The store was founded by Benjamin Harvey in 1813 as a linen shop on Knightsbridge and Sloane streets and seven years later, went into partnership with Colonel Nichols. In 1991, Dickson Concepts bought Harvey Nichols from the Burton Group for $90.2 million, including about $25 million in debt. At that time, Harvey Nichols was a one-store operation in Knightsbridge. The company was listed on the London Stock Exchange in 1996.
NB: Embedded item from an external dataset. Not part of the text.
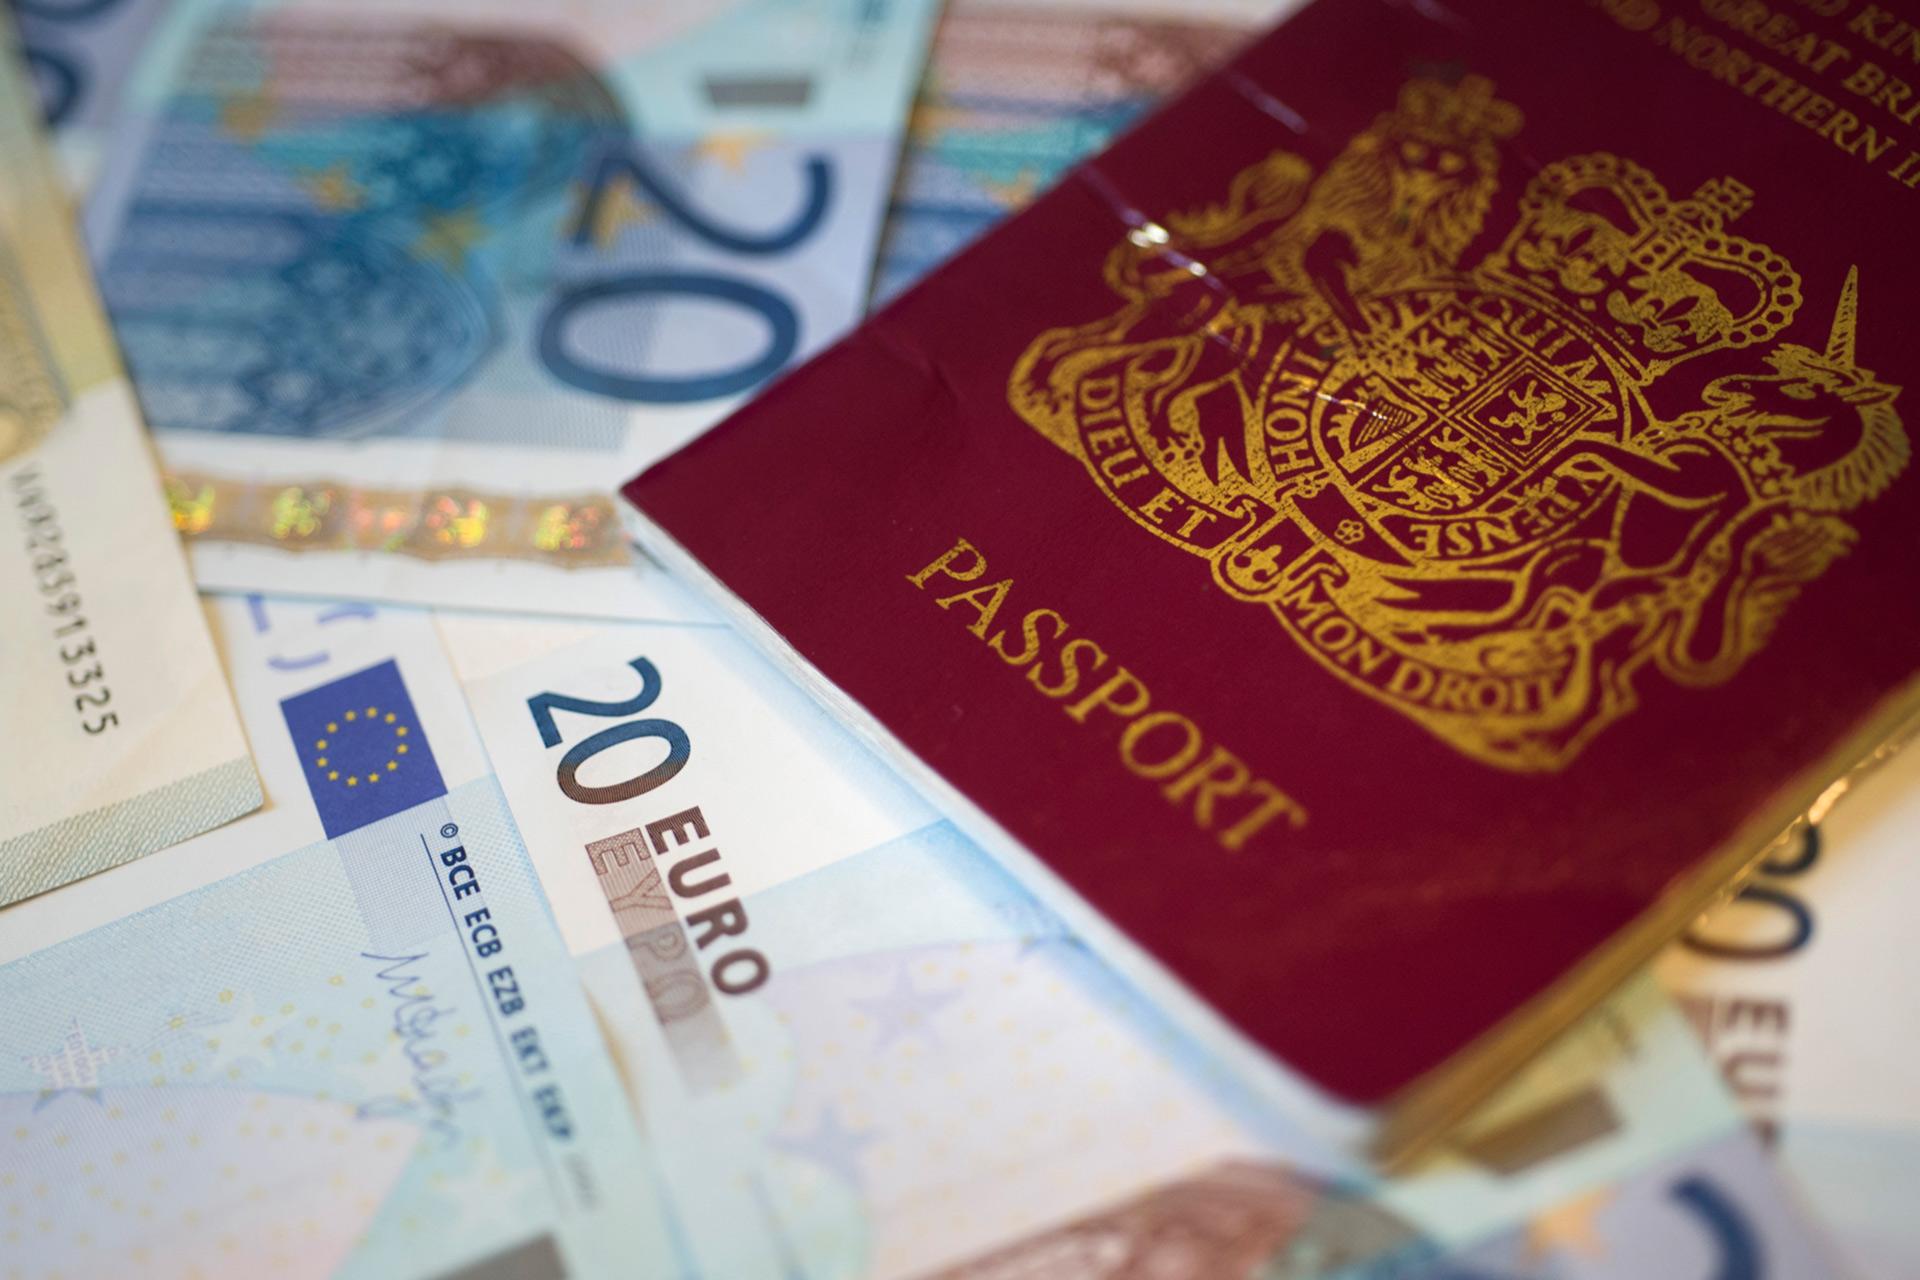 Passports visas customs visitscotland ccuart Choice Image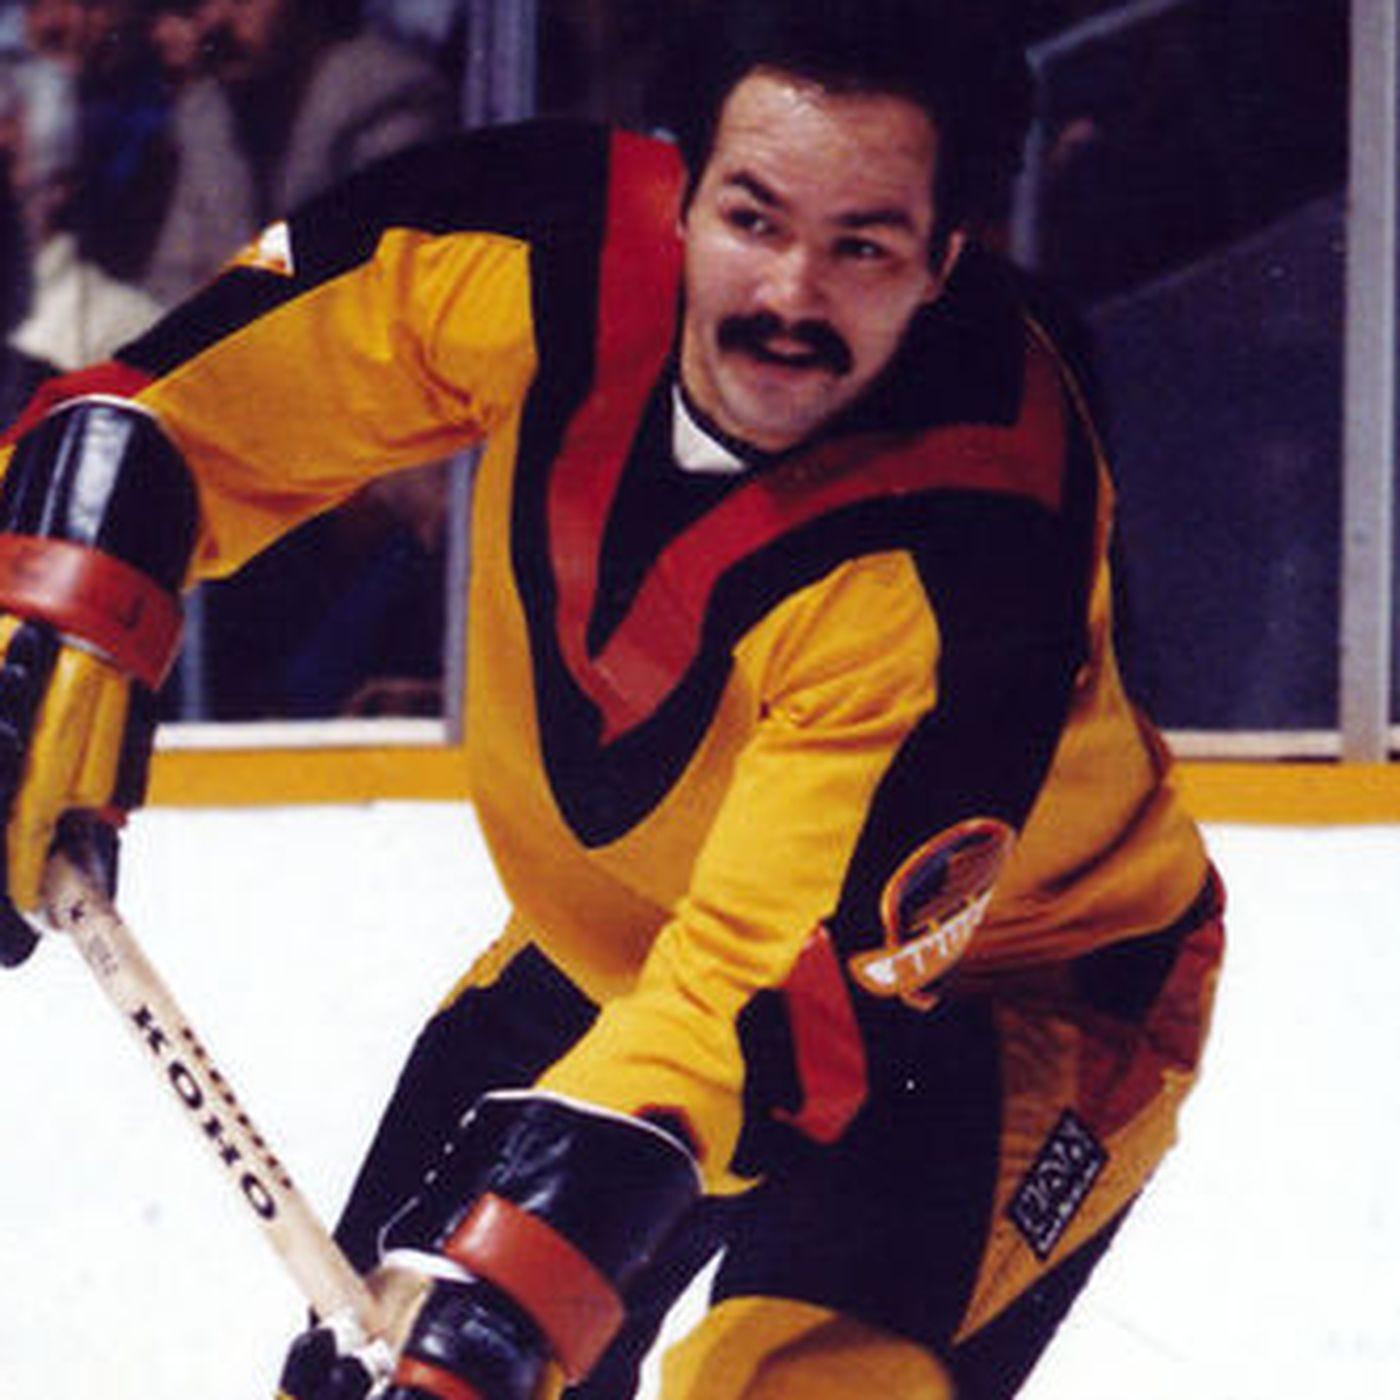 Top 10 Canucks Draft Picks: #8, Harold Snepsts - Nucks Misconduct

Considered London’s premier department store through the Eighties and Nineties, Harvey Nichols has seen increased competition over the last five years from the much larger Harrods and Selfridges. Both retailers have invested substantial sums to upgrade their facilities; Selfridges alone has invested more than $100 million in the last seven years. Selfridges also has been in a race with Harvey Nichols to open stores outside London, with stores in Birmingham and Manchester. Harvey Nichols and Selfridges see the potential to have up to five units throughout the U.K., although there are only a limited number of cities large enough to support large department stores selling designer apparel. Harrods continues to have only one site, in London.

In addition to expanding Harvey Nichols, the parent Dickson Concepts has been exploring possible acquisitions or investments in luxury brands and retailers in the U.S., through its Dickson North America unit. In the past, Dickson Poon has been cited as a contender for Brooks Brothers, which last year was bought by Retail Brand Alliance, and Barneys New York, which is currently not being marketed, though is eventually expected to be sold.

Charles Jayson is president and chief executive officer of Dickson North America. He is also vice chairman of Tommy Hilfiger Handbags and Small Leather Goods Inc., of which Dickson Poon is the majority shareholder. In addition, Jayson is vice chairman of S.T. Dupont, the Paris-based men’s lifestyle brand producing such products as luxury writing instruments and lighters. S.T. Dupont is publicly traded on the Paris Bourse, with Dickson Poon the majority shareholder.

Dickson Concepts is publicly traded on the Hong Kong exchange and has more than 400 retail stores in southeast Asia and China, including Coach, Tod’s, Bulgari, Chopard, Charles Jourdan watches, Tommy Hilfiger, Ralph Lauren and its Polo Jeans division, Benetton and its Sisley division, Brooks Brothers, and Seibu department stores outside Japan.